The following documents have been filed with the Commission by the Registrant and are hereby incorporated in this registration statement by reference, excluding any disclosures therein that have been furnished and not filed:
· The Registrant’s Annual Report on Form 10-K for the fiscal year ended December 31, 2018;
· The information specifically incorporated by reference into the Registrant’s Annual Report on Form 10-K for the fiscal year ended December 31, 2018 from the Registrant’s definitive proxy statement on Schedule 14A;
· The Registrant’s Quarterly Reports on Form 10-Q for the quarterly periods ended March 31, 2019, June 30, 2019, and September 30, 2019;
· The Registrant’s Current Reports on Form 8-K filed with the Commission on March 7, 2019, May 31, 2019, June 3, 2019, June 13, 2019, August 22, 2019, August 26, 2019, September 4, 2019, December 5, 2019, January 3, 2020, January 13, 2020, and January 14, 2020; and
· The description of the Registrant’s capital stock contained in Amendment No. 1 to the Registrant’s Registration Statement on Form 8-A/A filed with the Commission on June 8, 2015, as amended and superseded by the description of the Registrant’s capital stock included in the Registrant’s Registration Statement on Form S-3 filed on May 31, 2018.
All documents filed by the Registrant pursuant to Sections 13(a), 13(c), 14 and 15(d) of the Securities Exchange Act of 1934, as amended (the “Exchange Act”), subsequent to the date of this registration statement and prior to the filing of a post-effective amendment to this registration statement indicating that all securities offered under the registration statement have been sold, or deregistering all securities then remaining unsold, shall be deemed to be incorporated by reference herein and shall be a part hereof from the respective dates of filing such documents (other than any portions of such documents that are deemed furnished under applicable Commission rules rather than filed).
Any statement contained in a document incorporated, or deemed to be incorporated, by reference herein shall be deemed to be modified or superseded for purposes of this registration statement to the extent that a statement contained herein or in any other subsequently filed document that also is or is deemed to be incorporated by reference herein modifies or supersedes such statement. Any statement so modified or superseded shall not be deemed, except as so modified or superseded, to constitute a part of this registration statement.
Item 4. Description of Securities.
Not applicable.
Item 5. Interests of Named Experts and Counsel.
None.
Item 6. Indemnification of Directors and Officers.
Section 102 of the Delaware General Corporation Law (the “DGCL”), which is applicable to the Registrant, permits a corporation to eliminate or limit the personal liability of directors of a corporation to the corporation or its stockholders for monetary damages for a breach of fiduciary duty as a director, except where the director breached his or her duty of loyalty to the corporation or its stockholders, failed to act in good faith, engaged in intentional misconduct, knowingly violated a law, authorized the payment of an unlawful dividend, approved an unlawful stock purchase or redemption or derived an improper personal benefit. The certificate of incorporation of the Registrant eliminates the personal liability of its directors to the maximum extent permitted by Section 102 of the DGCL.

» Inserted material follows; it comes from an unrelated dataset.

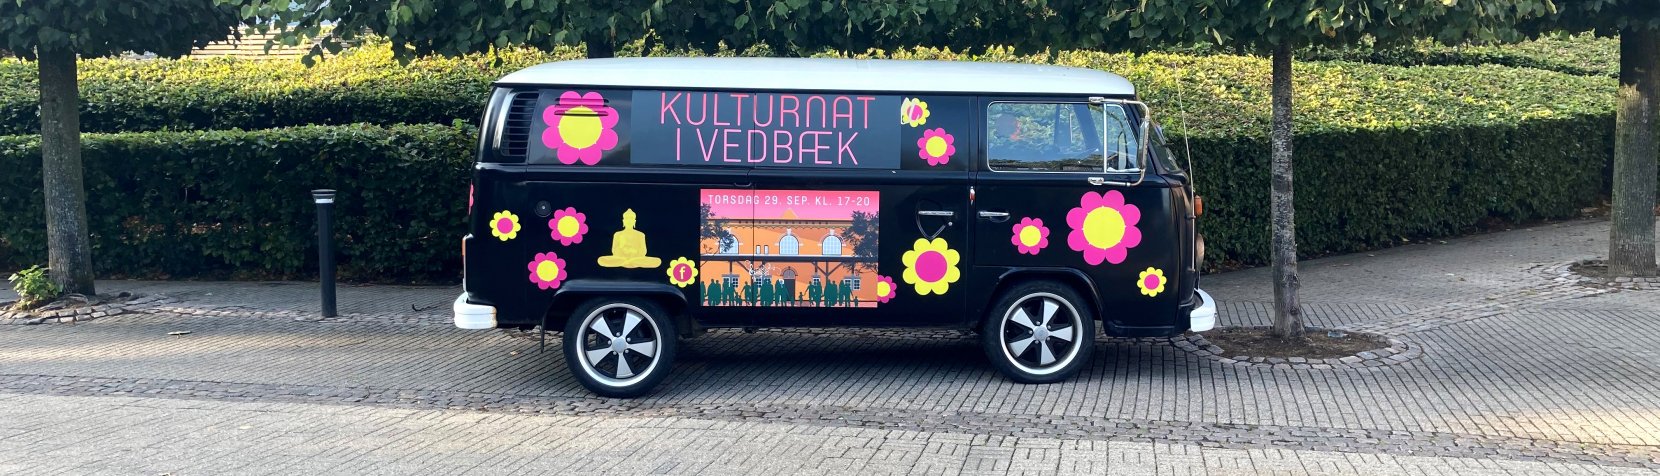 Vedbæk Kulturnat bus

Section 145 of the DGCL authorizes a corporation to indemnify any person who was or is a party or is threatened to be made a party to any threatened, pending or completed action, suit or proceeding, whether civil, criminal, administrative or investigative (other than an action by or in the right of the corporation), because such person is or was a director, officer, employee or agent of the corporation or is or was serving at the request of the corporation as a director, officer, employee or agent of another
corporation, partnership, joint venture, trust or other enterprise, against expenses (including attorneys’ fees), judgments, fines and amounts paid in settlement actually and reasonably incurred by such person in connection with such suit or proceeding if such person acted in good faith and in a manner such person reasonably believed to be in or not opposed to the best interests of the corporation, and, with respect to any criminal action or proceeding, had no reason to believe such person’s conduct was unlawful. Similar indemnity is authorized for such persons against expenses (including attorneys’ fees) actually and reasonably incurred in defense or settlement of any such pending, completed or threatened action or suit by or in the right of the corporation if such person acted in good faith and in a manner such person reasonably believed to be in or not opposed to the best interests of the corporation, and provided further that, unless a court of competent jurisdiction otherwise provides, such person shall not have been adjudged liable to the corporation. Any such indemnification may be made only as authorized in each specific case upon a determination that indemnification is proper because the indemnitee has met the applicable standard of conduct. The bylaws of the Registrant generally provide that the Registrant will indemnify its directors and officers to the extent permitted by the DGCL.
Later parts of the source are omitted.